On the day we fished, the bass definitely were not aggressive. A strong storm with rain, wind, hail, lightning and thunder had swept over the lake the night before our trip. On the day we fished, we were greeted with bright blue skies, high barometer, north wind and unusually chilly temperatures for May.

"Another thing that is having an effect on bass today is they're in a post-spawn mode. After the spawn, they're not aggressive, and add to this the unsettled weather and the bite will be slow," McVey said.

Even so, McVey caught a few fish under conditions that would have skunked the average fisherman.

McVey discussed the lures that have worked best for him on Bistineau over the years.

"If I could only fish with five baits, on one rod I'd have a Southpaw jig, 7/16-ounce in black/brown/amber with a black-neon trailer. On other rods I'd have a gold Rogue with an orange belly, a Bandit 100- or 200-series crankbait in Tennessee shad or fire tiger, a creature bait such as the Wave Worm Tiki Monkey fished Texas-rigged and a Pop R topwater lure. With these baits, you can catch fish in Bistineau," he said.

As I watched him pitch a jig next to the trunks of the cypresses, McVey talked about the equipment he uses that works best for him.

"Learning how to effectively pitch and flip a jig is not something you can learn overnight," he said. "It takes a lot of practice, plus you have to have the right equipment. Some people try to flip and pitch with a rod that is too limber. I like to use a stiff rod because it allows you to have control of the lure at all times.

"Your reel has to be the free-spool type that lets the line flow freely from the reel. I'll fish a jig all year along around these trees but sometimes a soft lure, such as a Baby Brush Hog, seems to attract more bites."

McVey pointed out another feature of Lake Bistineau that is especially inviting during the hot summer months.

"These cypress trees provide shade that is welcomed when the weather is really hot," he said. "You can work your way back in there, and it's five to 10 degrees cooler than it is sitting out under the sun."

As we moved about among the cypresses, the creeping nemesis that is threatening the life of several lakes, Bistineau included, was evident. Giant salvinia, a floating and fast-growing aquatic plant, is steadily spreading over the lake, making some of the more shallow areas practically inaccessible.

"This stuff is bad," McVey said. "You can't fish under it, and you can't run a motor through it, even though it is a floating plant. Should you be running down the lake and run into a mat of salvinia, it could be obscuring a log that has drifted up under the mat. You can tear up a motor in a hurry if you hit one.
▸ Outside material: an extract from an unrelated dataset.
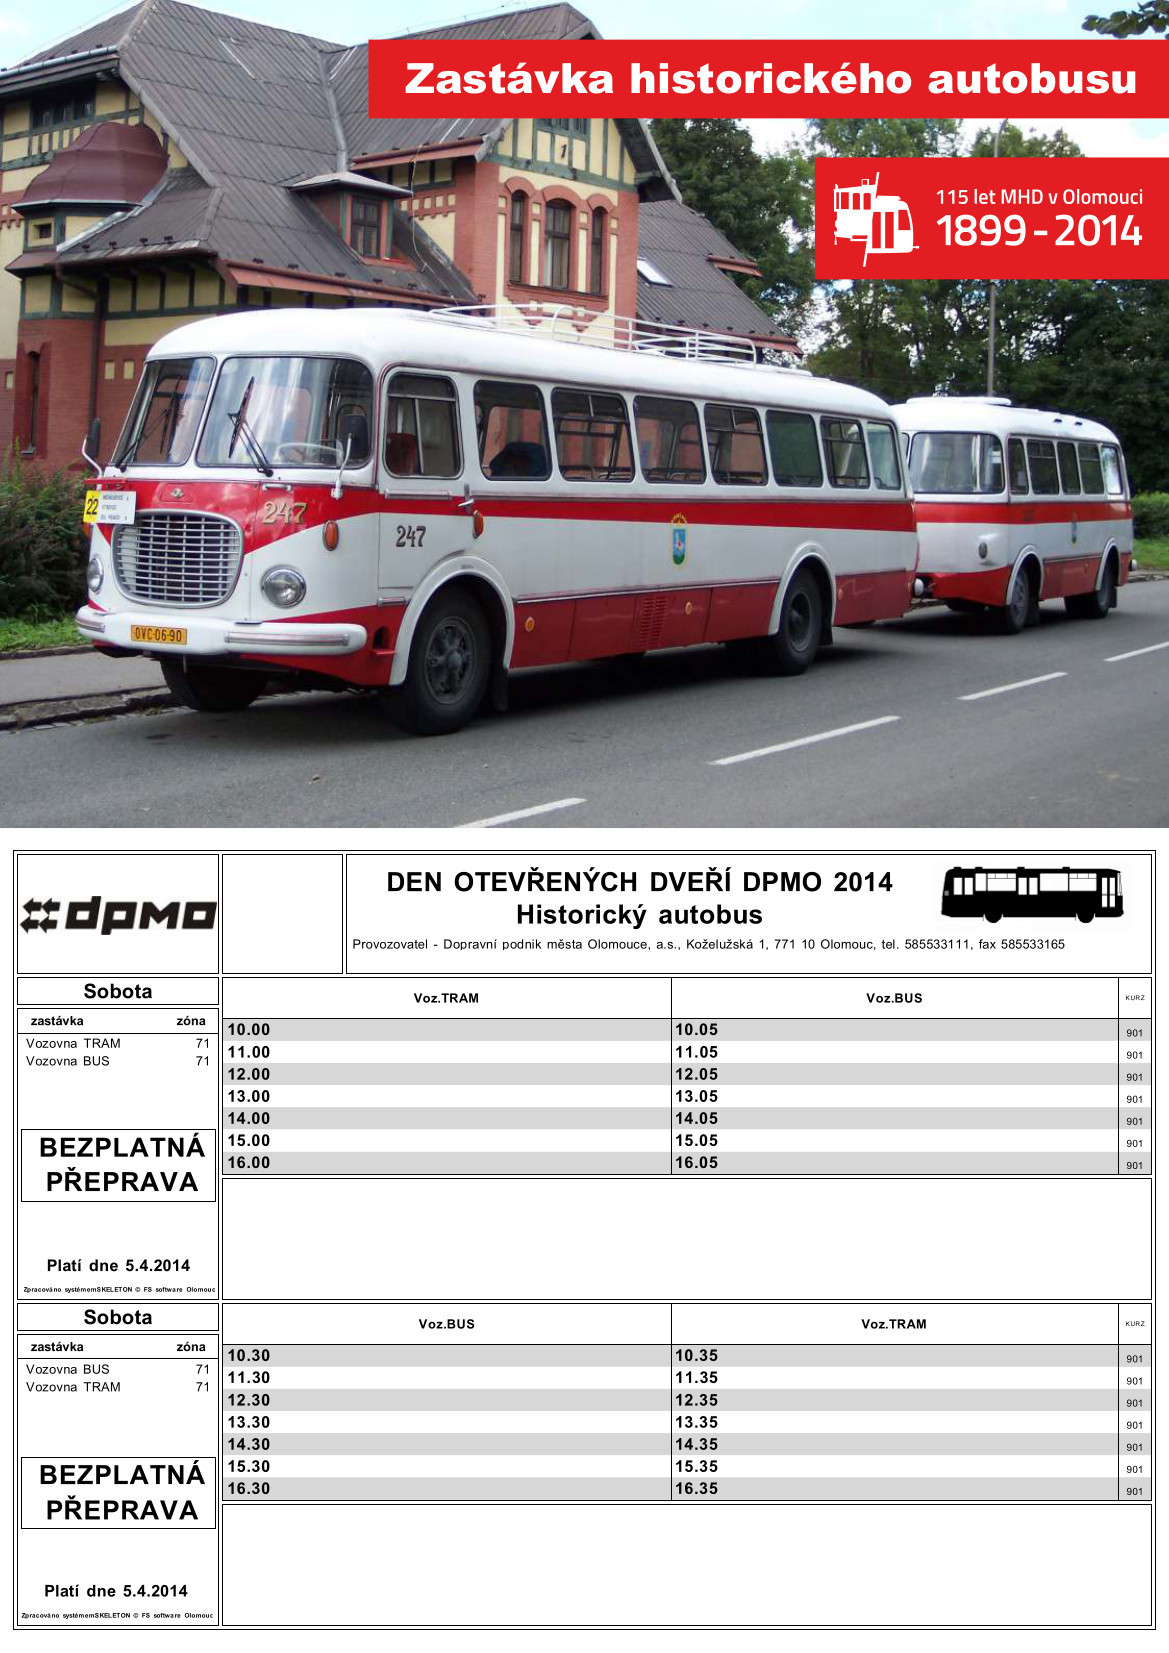 JŘ_DOD2014_bus (1)

"I really don't know what can be done to stop the spread of this plant. I don't know if man or machine is capable of ridding the lake of salvinia.
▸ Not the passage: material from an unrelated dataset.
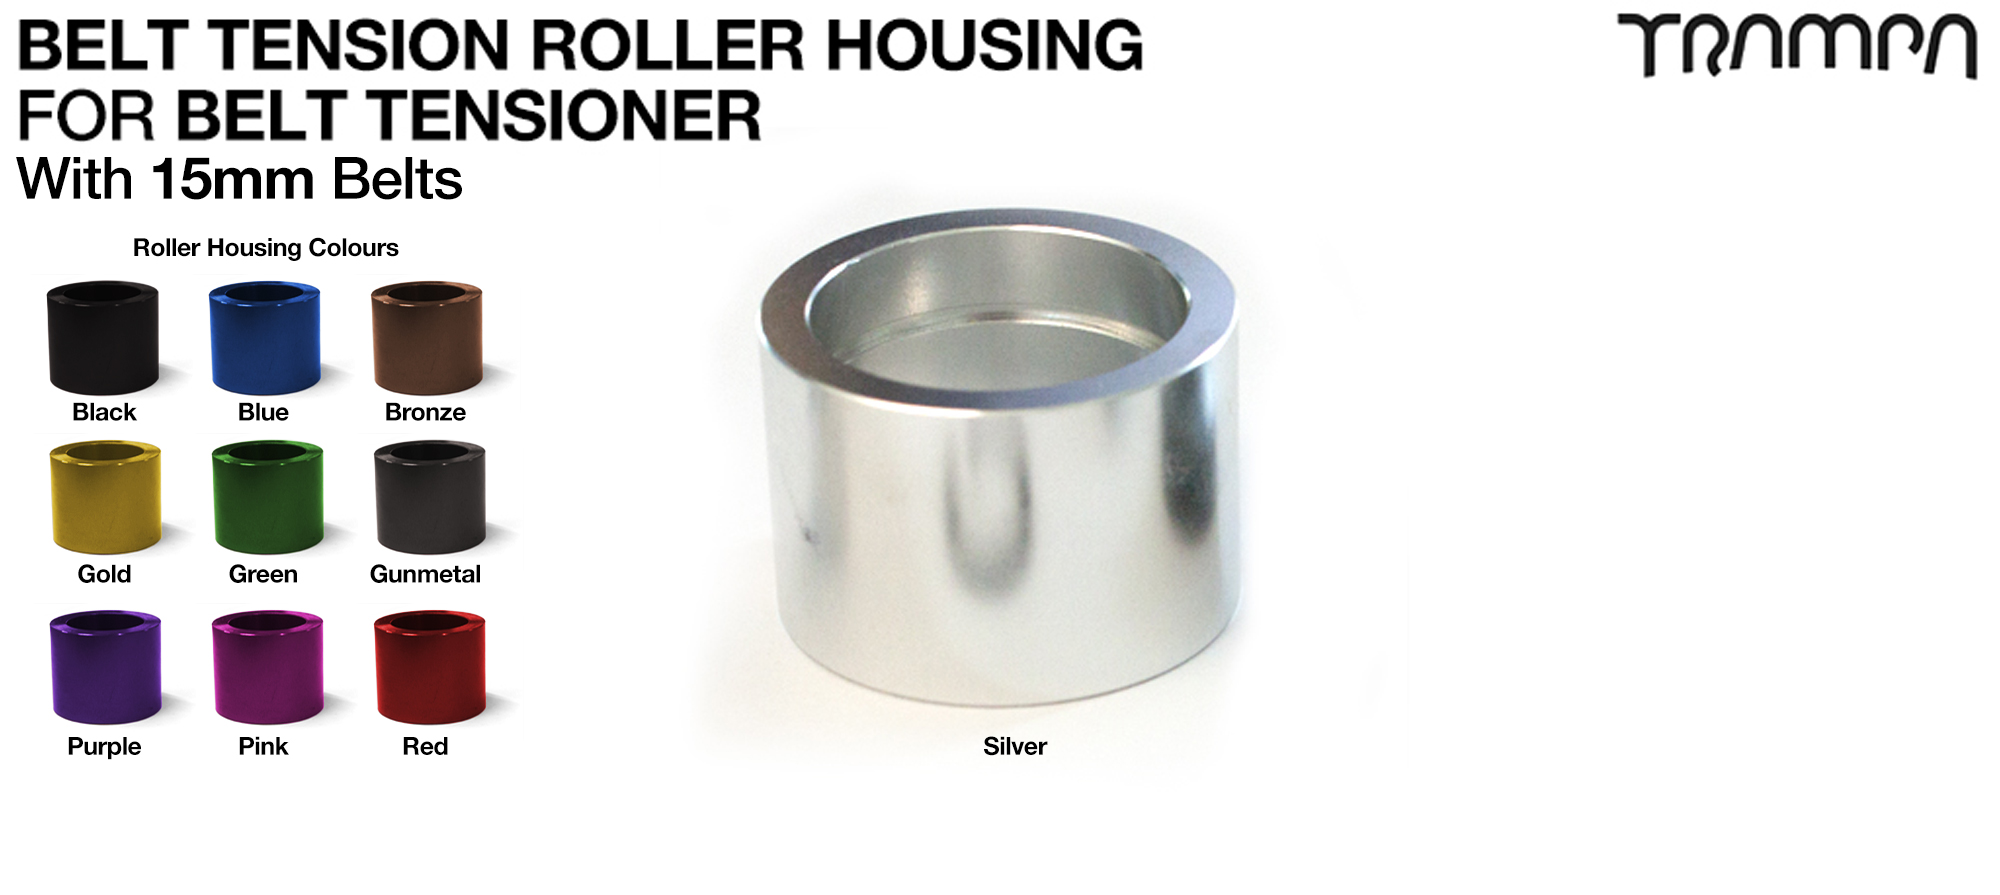 Belt Tension Roller Housing - CUSTOM 15mm or 20mm

"One thing that fishermen and boaters absolutely must do is check their motor, their boat and trailer every time they leave the lake, making sure they remove every sprig of salvinia."
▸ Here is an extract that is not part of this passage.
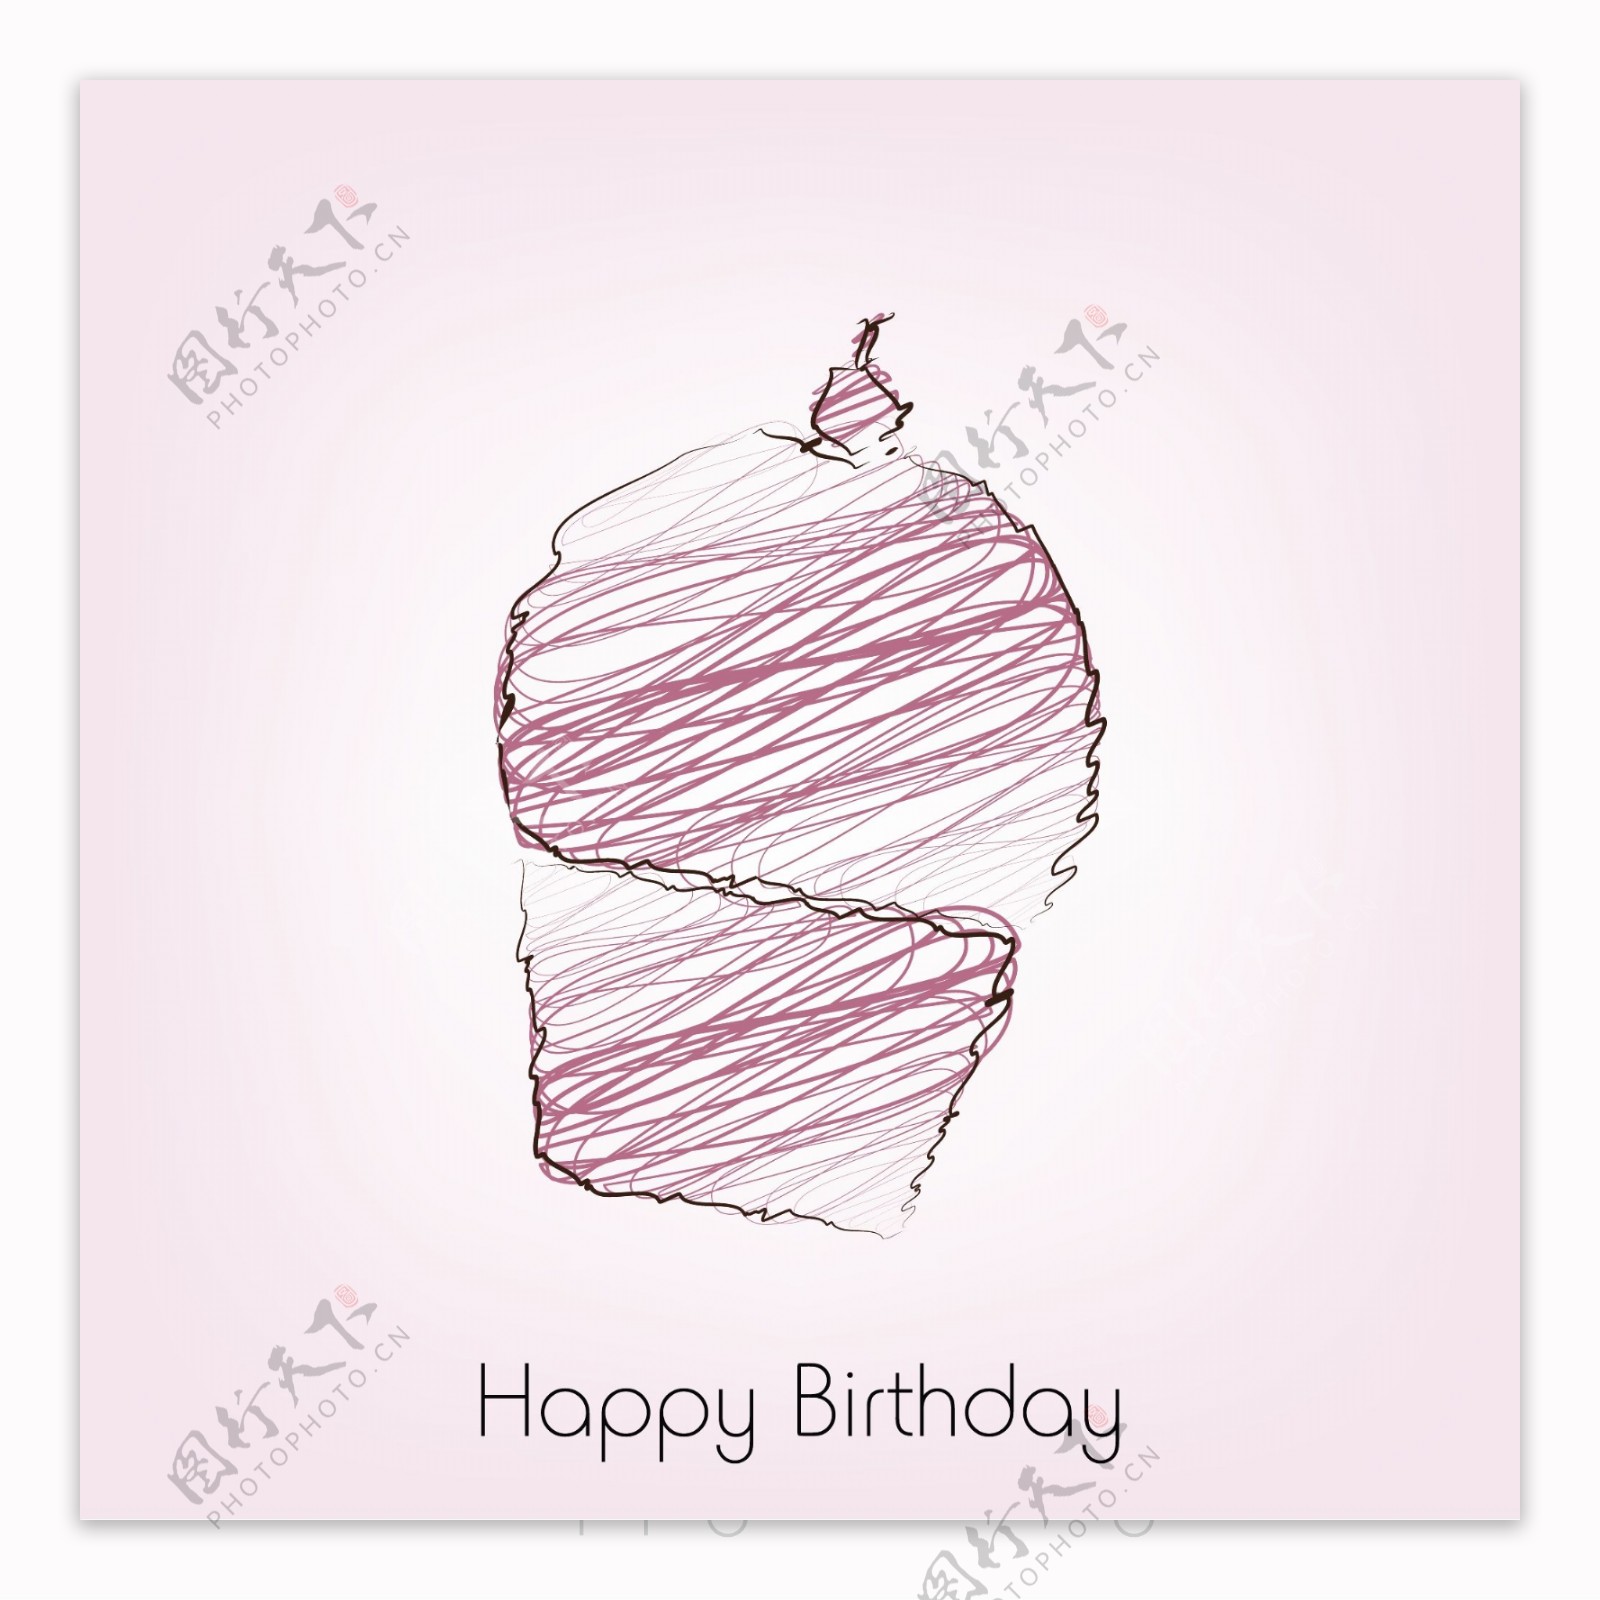 美味的生日蛋糕上粉色的背景

McVey's boat was littered with sprigs of the plant, and he spent several minutes making sure every piece was removed.

After leaving the lake, I visited with Jeff Sibley, fisheries biologist with the Minden LDWF office, who noted that the department is trying several ways to control the spread of the fast-growing plant. He reaffirmed McVey's conviction about the necessity of making sure all parts of the plant are removed from boats, motors and trailers.

"A single sprig overlooked can start an infestation on another lake when a boater launches there," Sibley said.

Bistineau is to undergo a drawdown this summer with a dual purpose — to control the spread of salvinia and to allow leaf litter that has accumulated around the cypress trees to deteriorate.

"By allowing the litter to decay, this will open spawning areas that have been covered by this leaf drop over the years," Sibley said. "We're planning a drawdown of the lake around July 15, and we plan to hold it down until the end of January 2009. We're hoping for a hard freeze to kill most of the salvinia, and the plants left high and dry by the drawdown will hopefully be killed back."

Other procedures are being used, including herbicide application and a particular species of weevil that has shown the ability to kill the plant, but for now, salvinia, a creeping green nemesis, is threatening to suck the very life out of this beautiful old lake.